Trump e o cerco à América do Sul
Em outubro do ano passado, o presidente da Argentina, Javier Milei, autorizou por decreto a entrada de militares norte-americanos no território do país, para "exercícios conjuntos". Na sequência, mais uma vez sem qualquer
autorização legislativa, Milei ofereceu a Washington o uso do porto de Ushuaia, acendendo a suspeita de uma tentativa dos Estados Unidos de viabilizar o plano para
instalar uma base naval na região.
E todo esse avanço militar estadunidense na região é favorecido, segundo o professor da UFG, pela maior presença de presidentes de direita nos países sul-americanos, como é o caso de Argentina, Chile, Bolívia, Equador e Paraguai. Além disso, o especialista lembra que todos estiveram presentes no encontro com Trump no início do mês, ocasião em que 12 líderes assinaram um acordo para o Escudo das Américas, uma espécie de
Organização do Tratado do Atlântico Norte (OTAN) do continente.
"E o que está do outro lado? Temos um bloco formado pelas maiores economias da América Latina, hoje Brasil, México e Colômbia.

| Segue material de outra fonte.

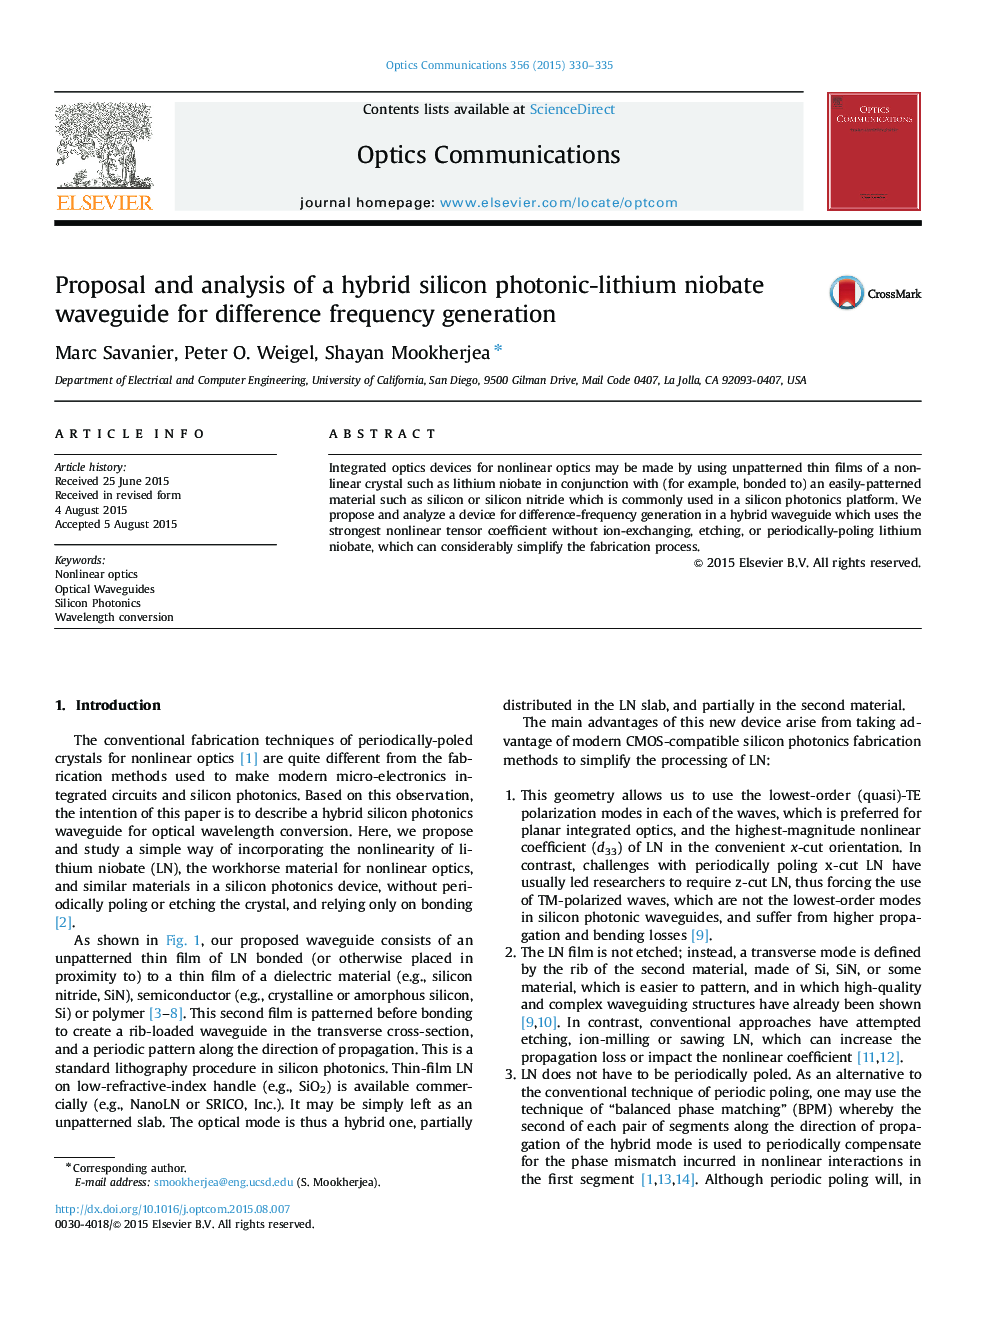 پیشنهاد و تجزیه و تحلیل یک موجبر نوری سیلیکون فوتونی - لیتیوم هیبریدی برای تولید فرکانس

Isso não é pouca coisa, mas temos eleições chegando, e nitidamente os Estados Unidos vão apoiar grupos contrários ao Lula, ao Gustavo Petro [presidente da Colômbia] e também a Claudia Sheinbaum [presidente do México]", recorda.

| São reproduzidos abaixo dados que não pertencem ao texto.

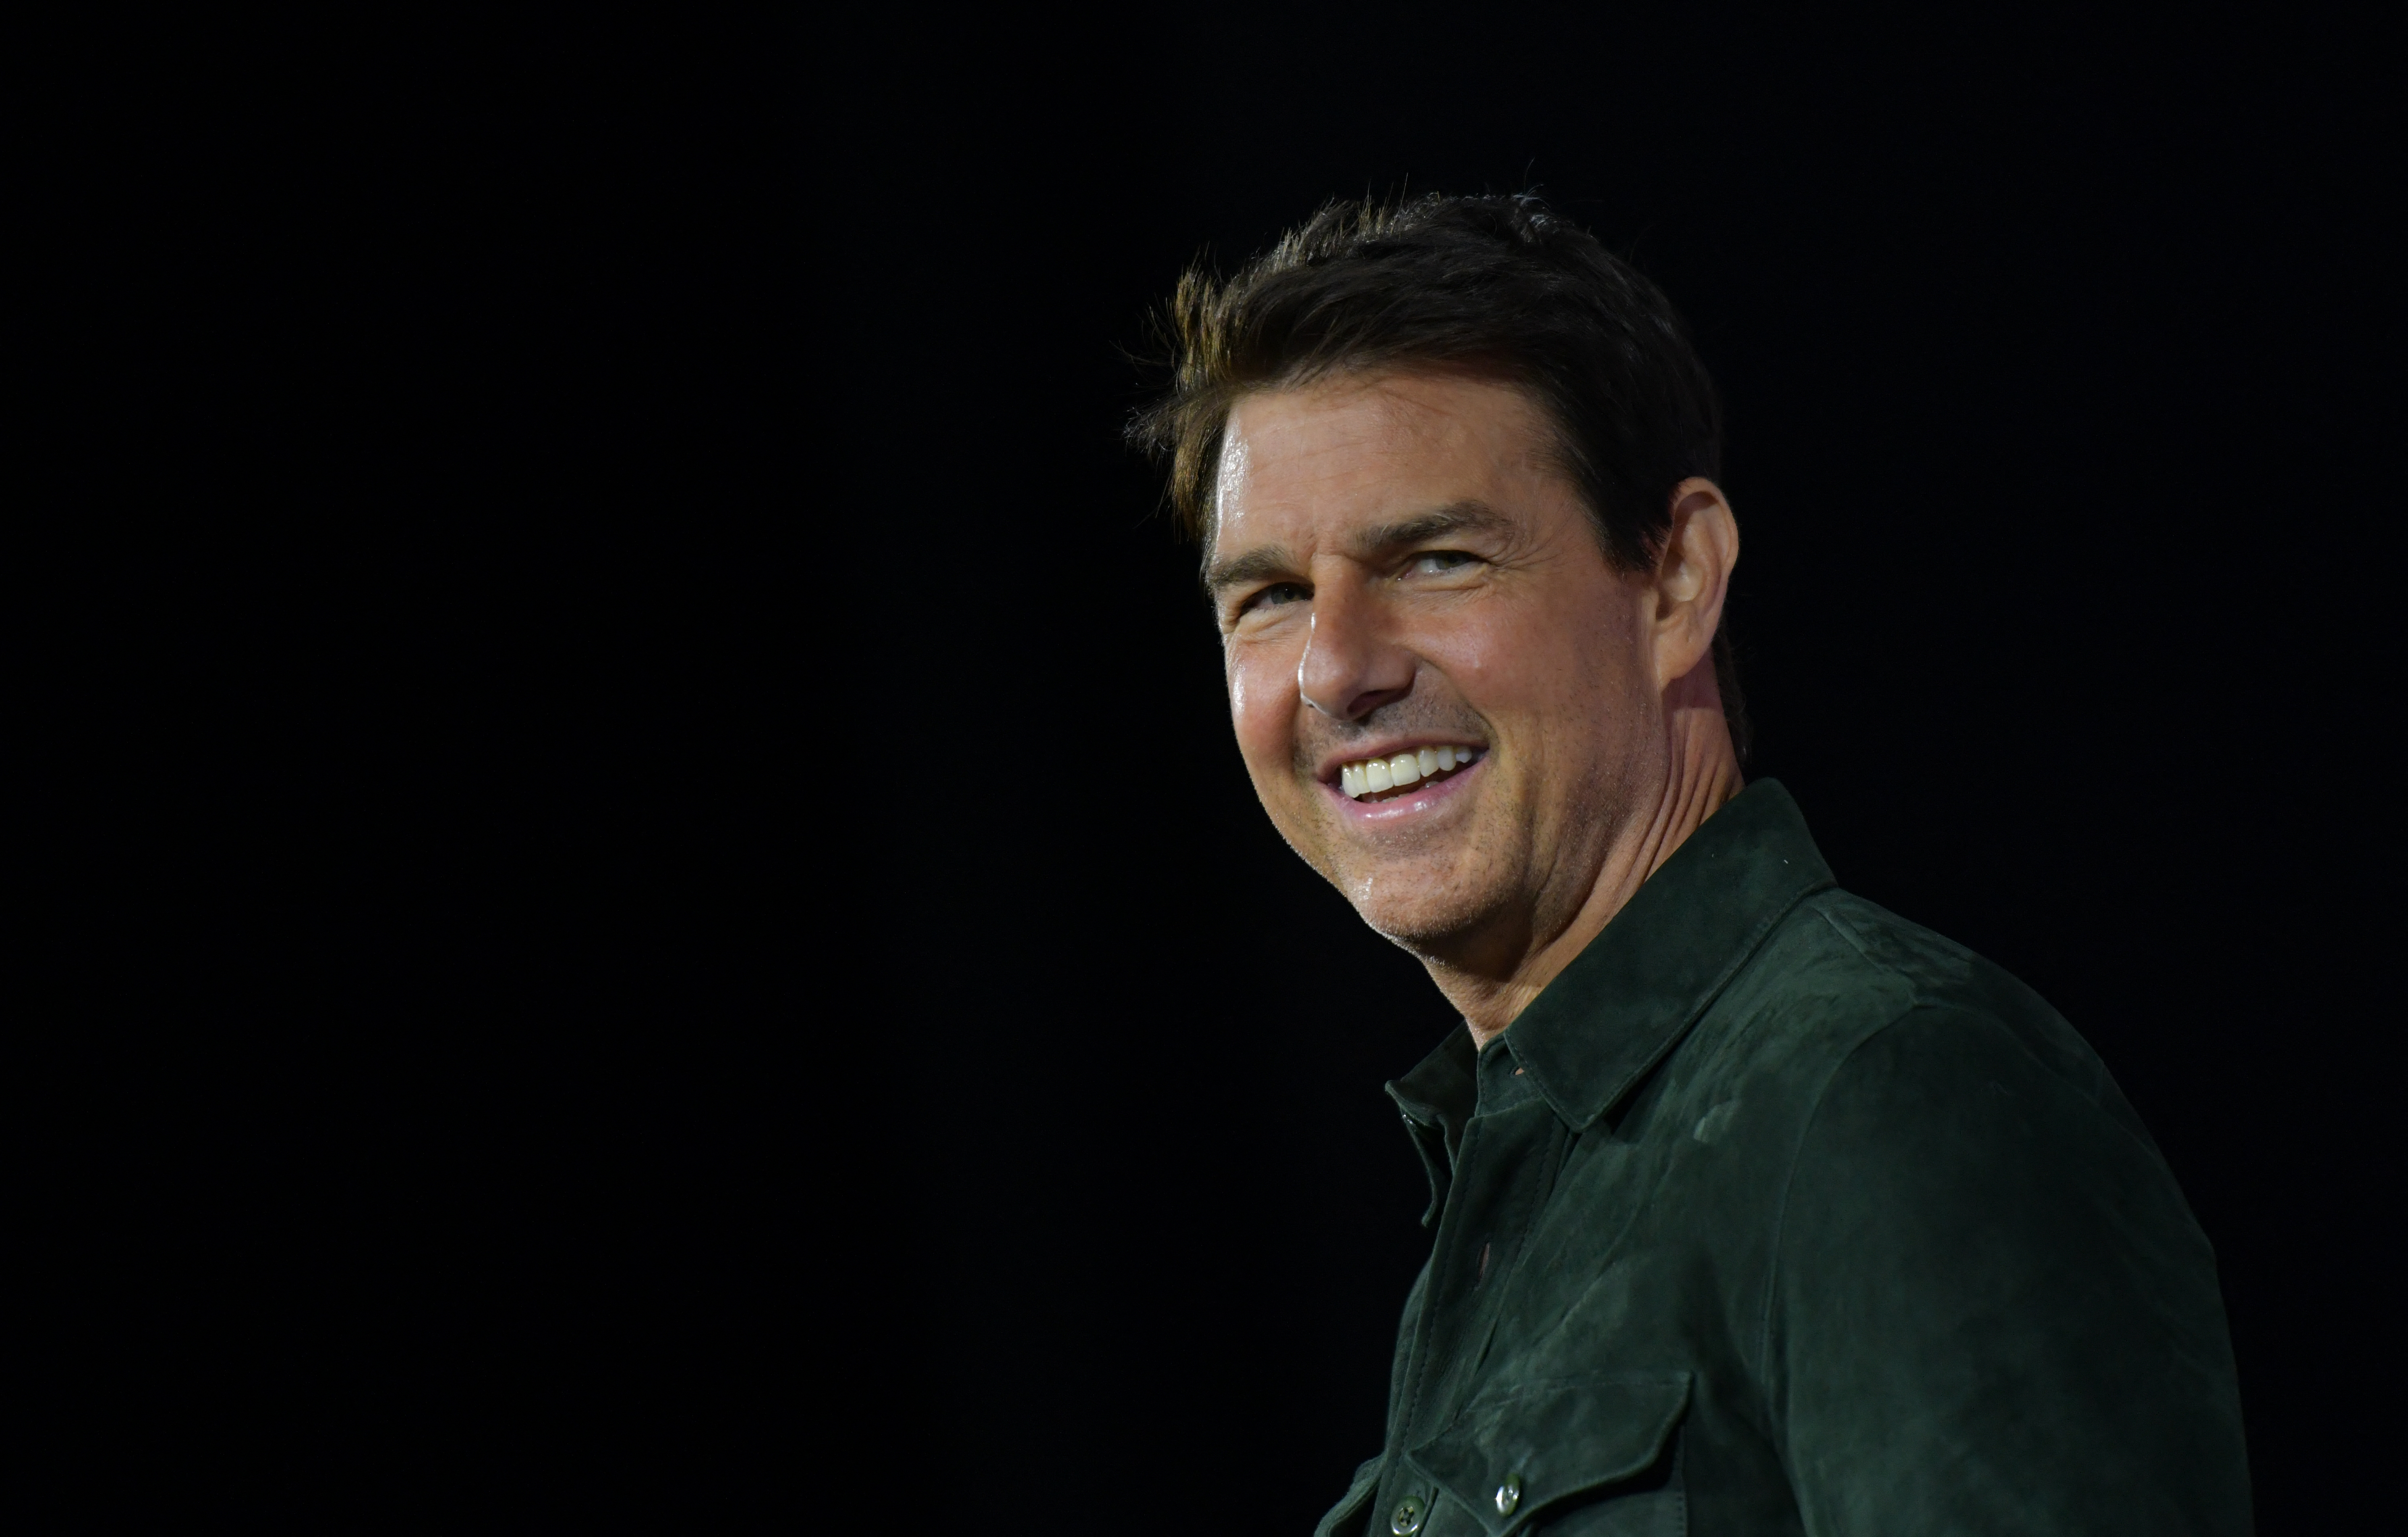 Tom Cruise bei der Werbung für "Top Gun: Maverick" im Convention Center während der Comic Con in San Diego, Kalifornien am 18. Juli 2019 | Quelle: Getty Images

Porém, o especialista pontua que boa parte da região tem na China seu principal parceiro econômico, e a aliança militar criada por Trump com esses países coloca justamente Pequim como uma ameaça. "Isso é uma contradição", afirma, ao questionar possíveis impactos no setor empresarial dessas nações.
'Maior ameaça mundial'
Previsões internacionais apontam que a China deve ultrapassar os Estados Unidos e se tornar a maior economia no mundo em 2028, cinco anos antes do que estava previsto inicialmente.

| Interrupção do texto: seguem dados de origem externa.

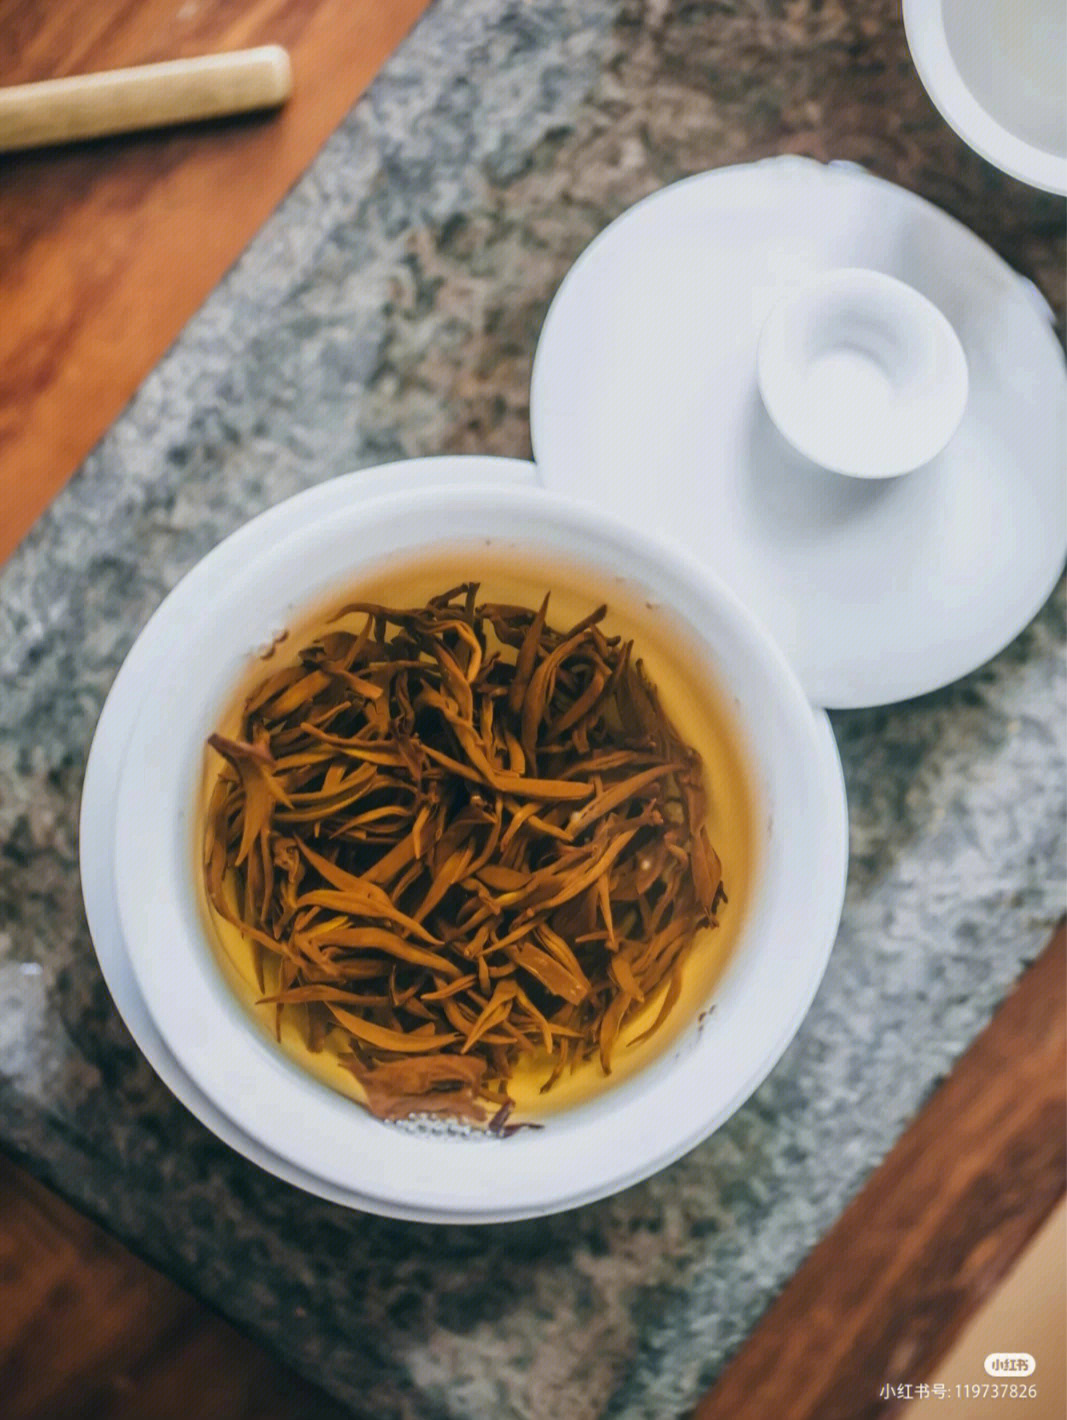 曾影响了世界红茶的格局:近年来,滇红更是因其出众的外形和内质,越来

Na paridade de poder de compra, que compara o poder aquisitivo real das diferentes moedas,
Pequim já superou Washington há quase dez anos.
Com a perda da hegemonia econômica, o que sobrou para o país foi a liderança do poder militar, avalia o especialista.
"Eles já se percebem naquela etapa de decadência do império, em um momento em que eles ainda são a principal economia do planeta, mas serão ultrapassados em breve pela China. O que sobrou foi o poder militar, e em um país que tem um líder como o Trump, que não respeita o direito internacional […]. Estamos testemunhando hoje Washington se tornar a principal ameaça à segurança de qualquer nação do planeta, mesmo os seus aliados."
Investimentos em troca da soberania
Já o doutor em história pela Universidade Federal da Grande Dourados (UFGD) Leandro Baller destaca que, como contrapartida à autorização de uso do território, os Estados Unidos prometeram investir US$ 11 milhões (R$ 57,1 milhões), em cinco anos, nas forças militares locais. Conforme o especialista, esse é um volume alto para os padrões paraguaios e pode representar um ganho na transferência de tecnologia e novos armamentos, ao mesmo tempo em que o país abre mão da própria soberania.
"As pessoas ficam à mercê dessas forças. Nós não podemos perder de vista, por exemplo, que tem uma megaconstrução acontecendo, que corta os nossos países — o Brasil, o Chile e o Paraguai —, que é a rota bioceânica. Então, a rota bioceânica tem uma importância geopolítica bem interessante também. Talvez a gente não consiga dizer exatamente o que o Paraguai realmente ganha, porque o Paraguai já fez acordos dessa natureza tempos atrás, mas não com esse poderio militar", finaliza.